- [Your objective] Every line below must be reproduced exactly; no pictures are to be included.

- [Recorded data]
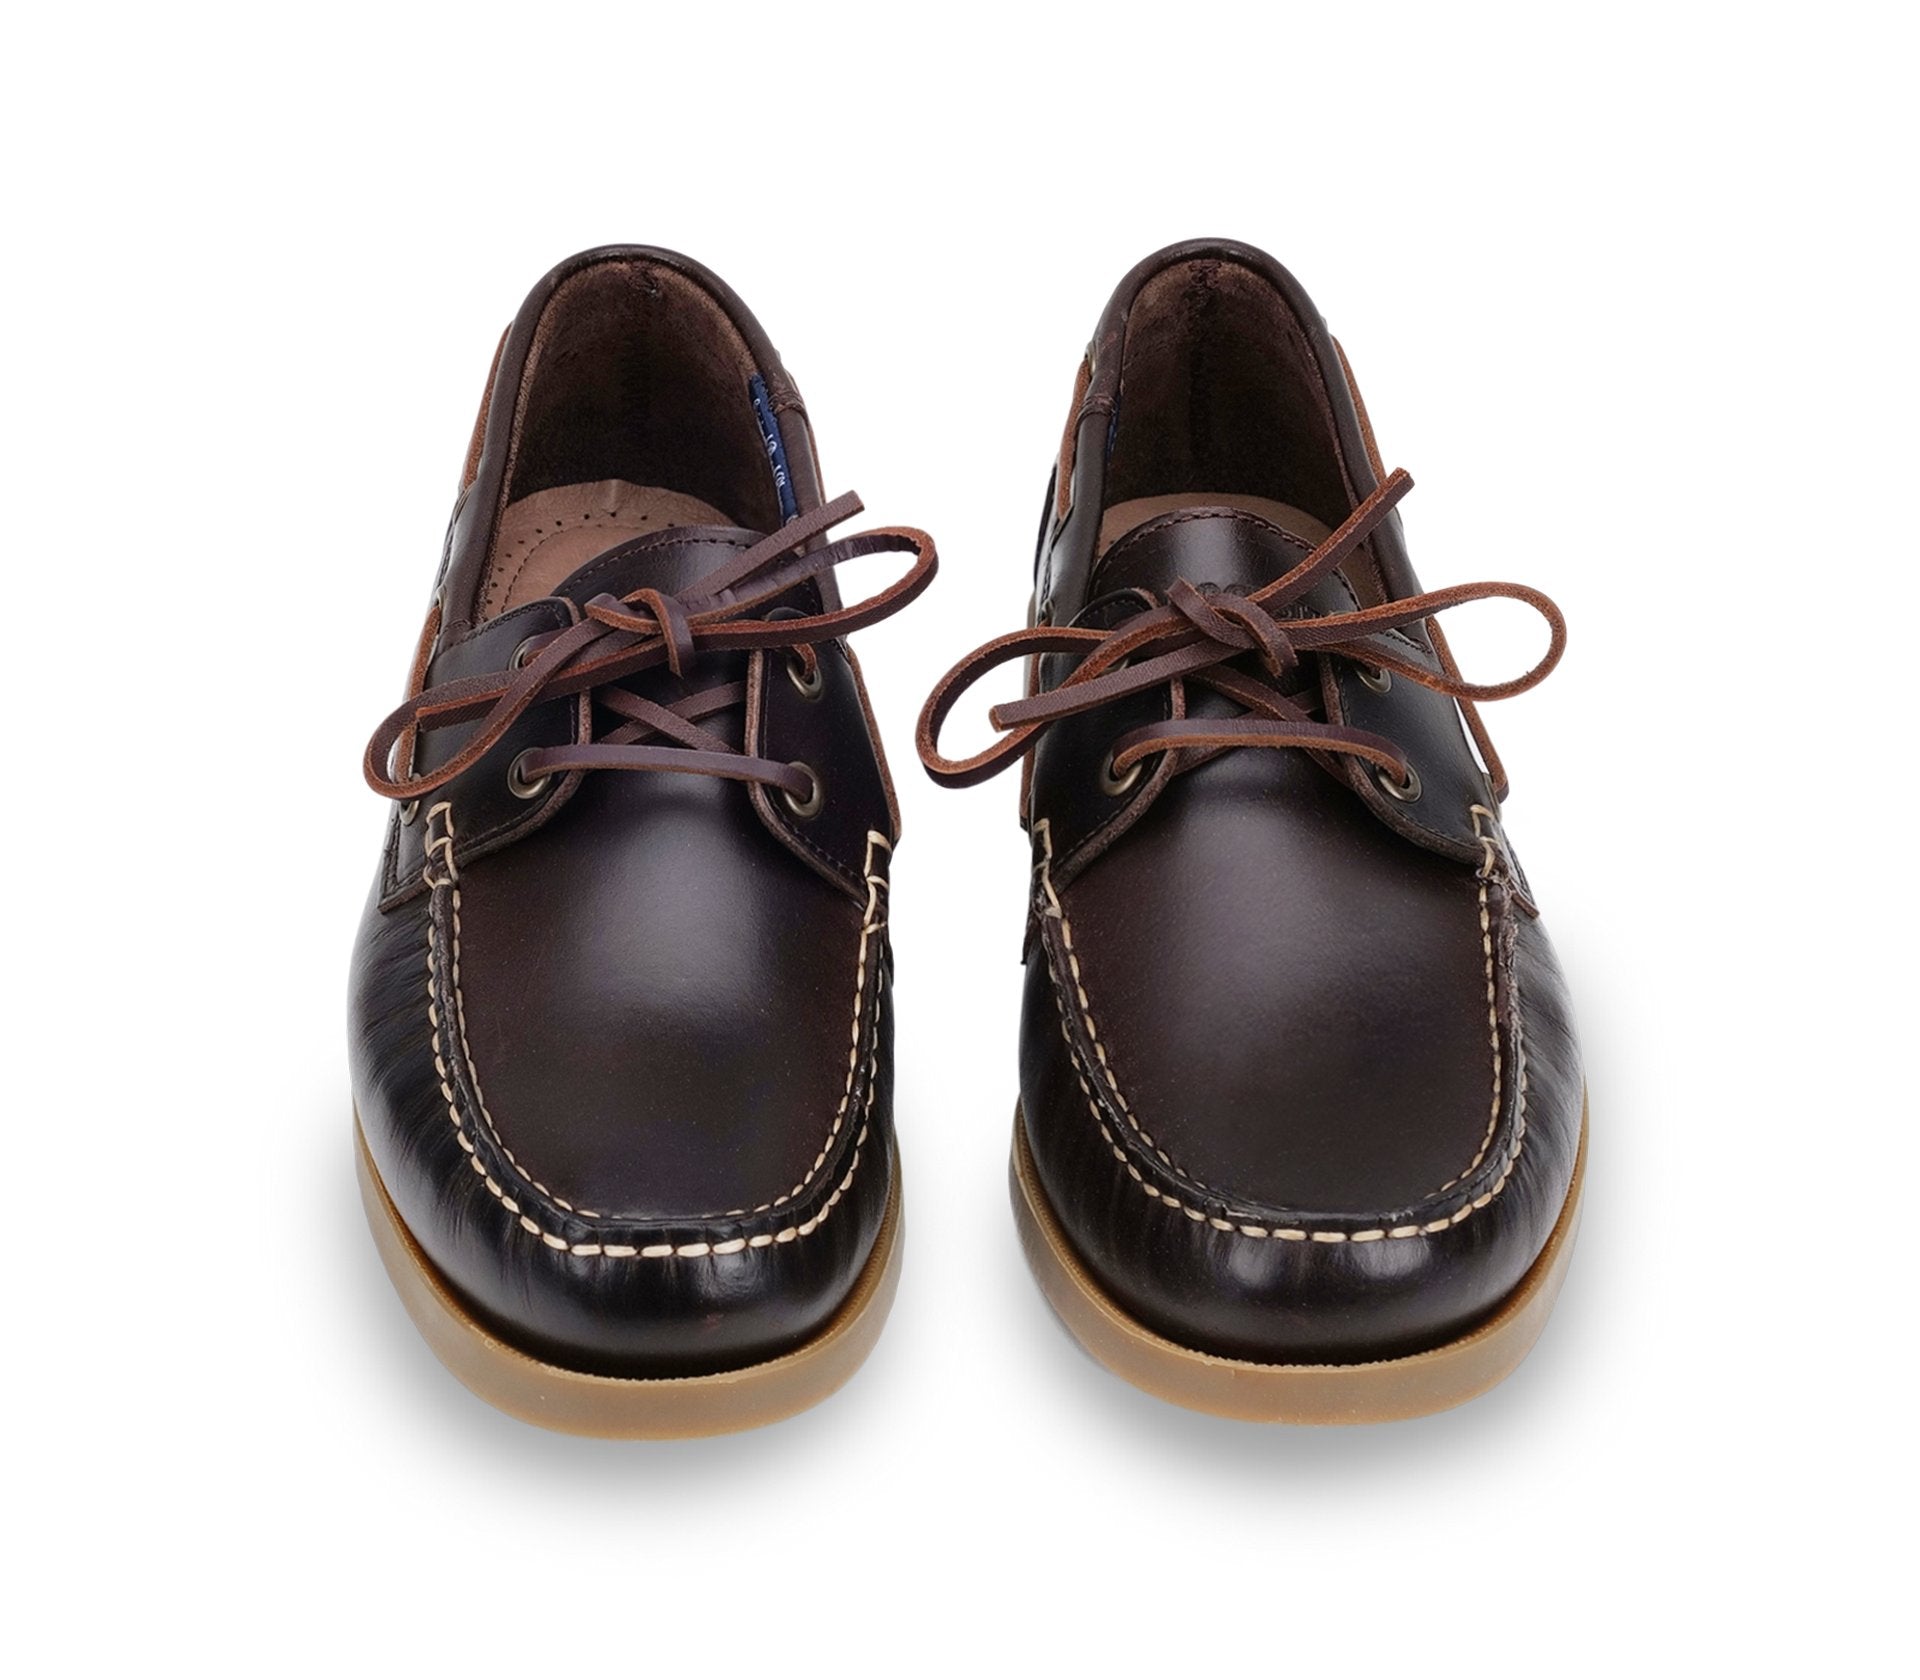 Men's Tone on Tone Laced Boat Shoes
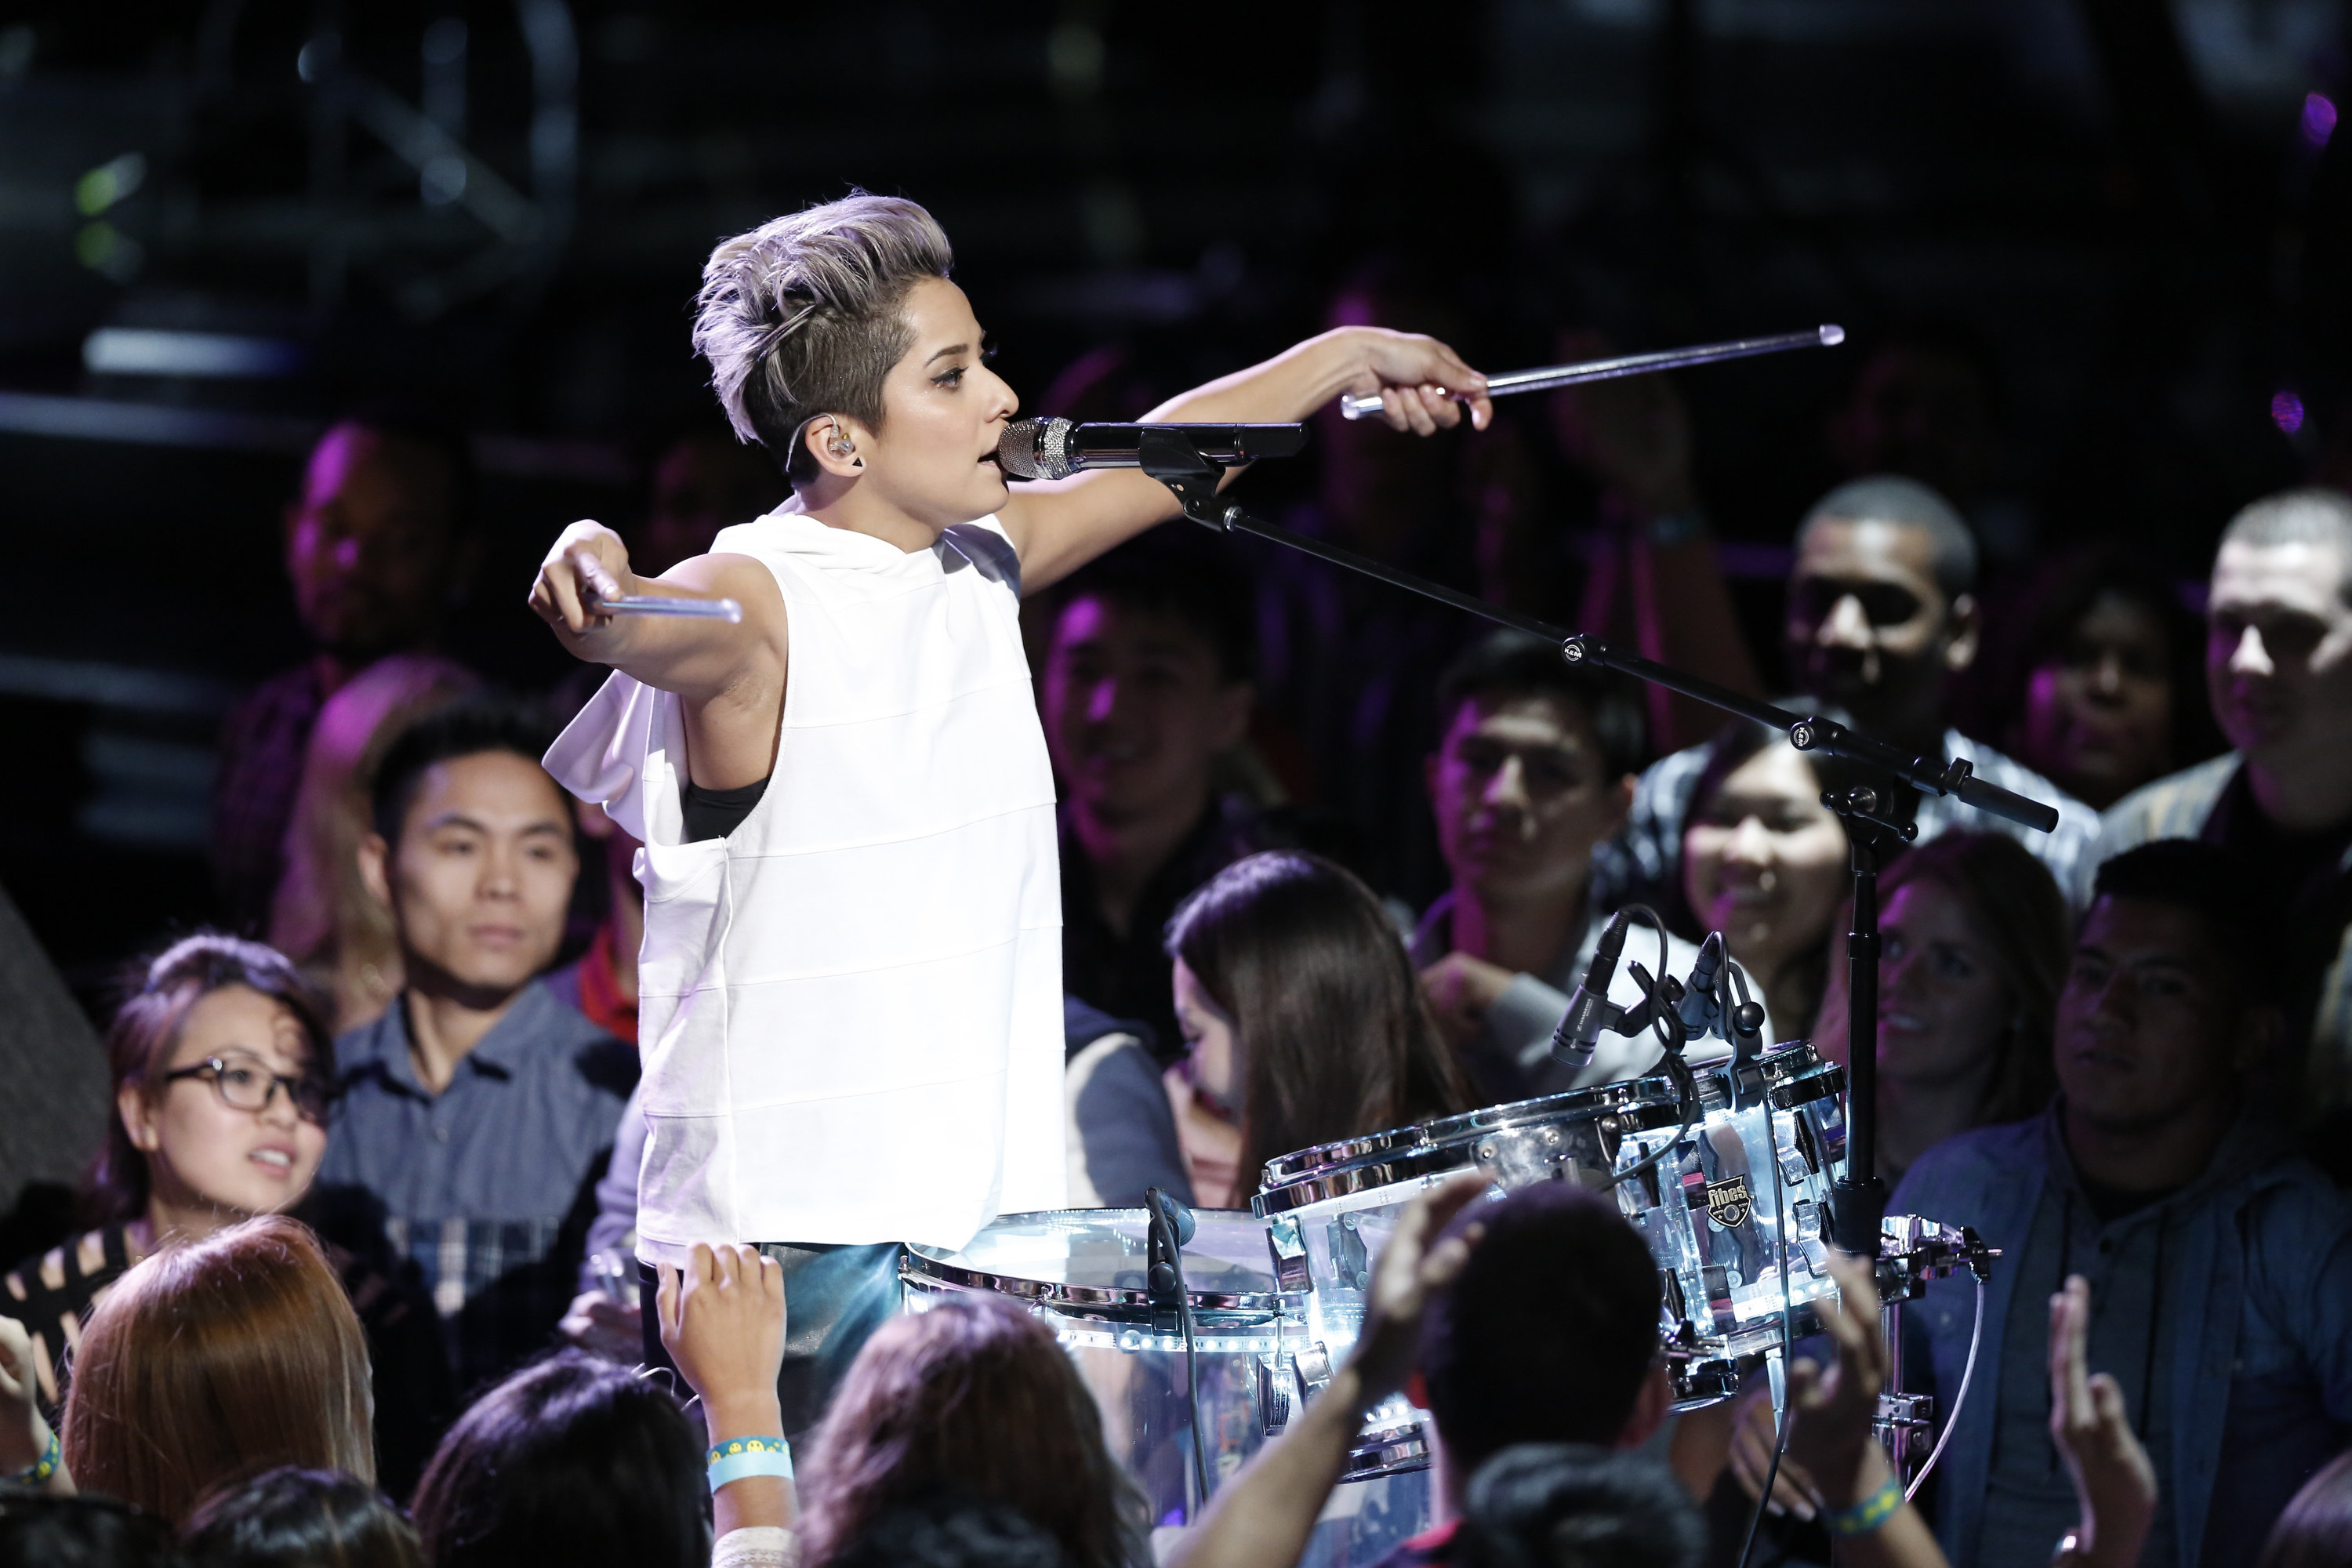 Vicci Martinez singing in front of a crowd
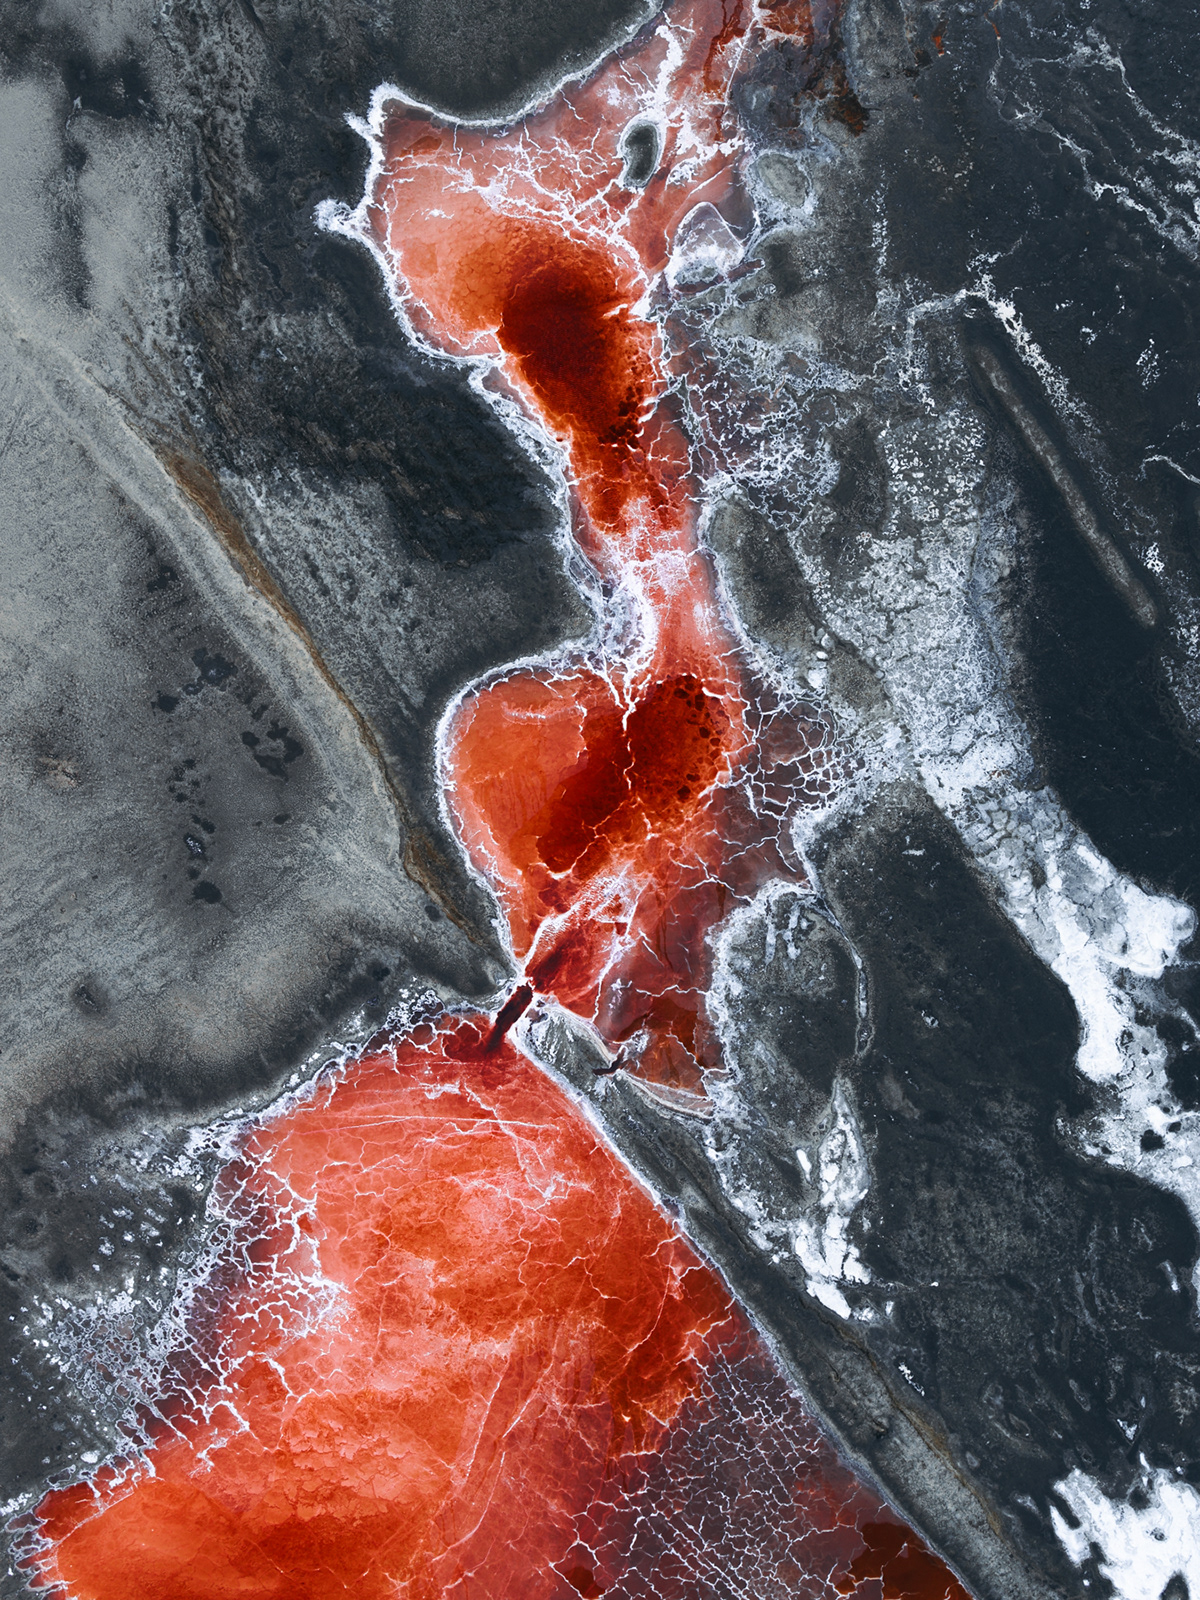 Aerial Aerial Photography abstract environment Borax red art

- [Solved problem]
 Men's Tone on Tone Laced Boat Shoes
 Vicci Martinez singing in front of a crowd
 Aerial Aerial Photography abstract environment Borax red art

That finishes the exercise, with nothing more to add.